Today's Ideas:

    IMPORTANT : Below is what we're looking at currently, but pay attention to our UPDATES on the side of each page for actual entry/exit times and prices. Refresh pages often! You will witness our winners AND losers; something that is rare in our business.    TO VERIFY ACTUAL PRICES AND TIMES, PLEASE CLICK ON  A TICKER ENTRY TO THE RIGHT.  ALL TRADES, WHEN THEY OCCURED, ARE VIEWABLE.  Whenever possible, we have included the ETF symbol for those who are not experienced trading futures, etc.

    Friday, July 18, 2008

    Now what?

    Almost everybody expected a rally after the beating stocks have taken for the last 6 weeks or so, and it's finally materialized.
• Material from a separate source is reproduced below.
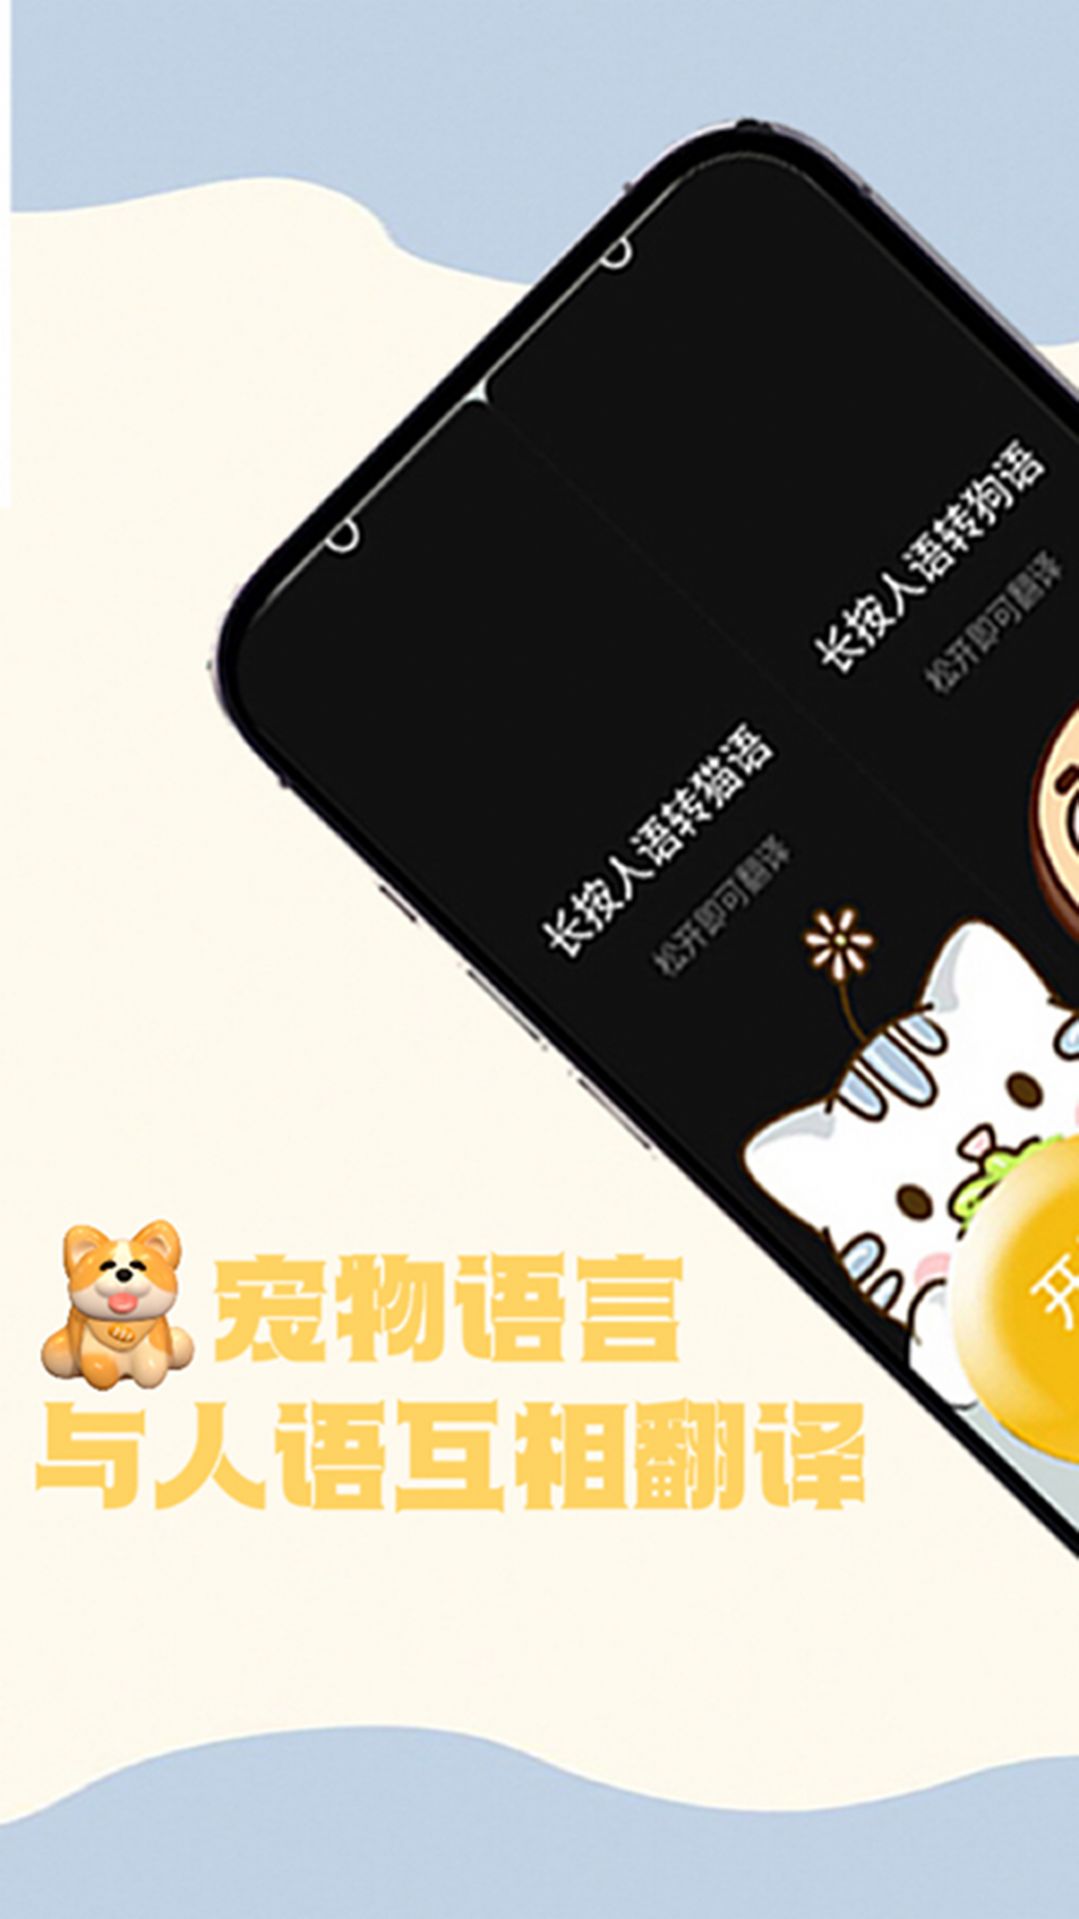 猫狗交谈翻译器app图1

The question is, "where do we go from here?" It has been my experience that the stronger the move (in this case lower), the more likely it is to continue in the same direction, or at least damper the reactive bounce. So far this theory seems to be holding, as stocks will need time to work higher. I remain long stocks via the EWZ etf.

    Regular readers know my trading is based more on expected direction than price levels, and that I feel most financial instruments are highly correlated with each other. Lately we've seen many disconnects in traditional relationships, and this means I might have to examine individual ideas in more detail. Importantly, when this occurs, it typically spells less opportunity overall in the markets. It's probably a function of decreased momentum in specific asset classes. In any case, it's not a healthy market when the weakest names (financial stocks) rally the hardest, while the recent leaders sell off sharply. Rotation like this makes trading more difficult, as I refuse to buy US financial companies at this time. This simple rule has spared me lots of capital.

    There continues to be a lack of rational discussions in the current turmoil. I've been well served with my reduced positions, observing from the sidelines. That said, trading accounts briefly hit all time highs Wednesday. This results from my utter refusal to "chase" or pay up for stocks. Patience is rewarded. If you feel out of control, or that you're "slipping", sit tight until you are able to trade from a position of strength and confidence.

    Regarding specific ideas, I continue to be long stock (EWZ) with my stop in place. For now, I am not adding to this position, but if it gains traction I might get heavier. I intend to get involved in agricultural commodity futures in the next several days (corn and/or soybeans). Bonds have treated me decently lately, and I'll look to re-short on significant bounces, with my eye on that long term setup I've discussed before. If stocks can continue to rally a bit, I'm also keen on re-shorting equities such as the IYR and IWM (via the etfs SRS, and TWM). Keep an eye on the ticker, as I report trades there first. Honestly, I got started on the wrong foot this last time around, as I missed the huge decline the last 6 weeks. As my system dictates buying weakness and selling strength, I was forced to consider my "next best ideas", which are reflected in my current positions. That's how I got long stock when I'm really leaning towards the bearish story. When account equity hits all time highs, it's best to have it explode higher, and this was not the case. As my accounts hover around the high water mark, I hope to have more to share with readers. It should stay interesting, if unpredictable.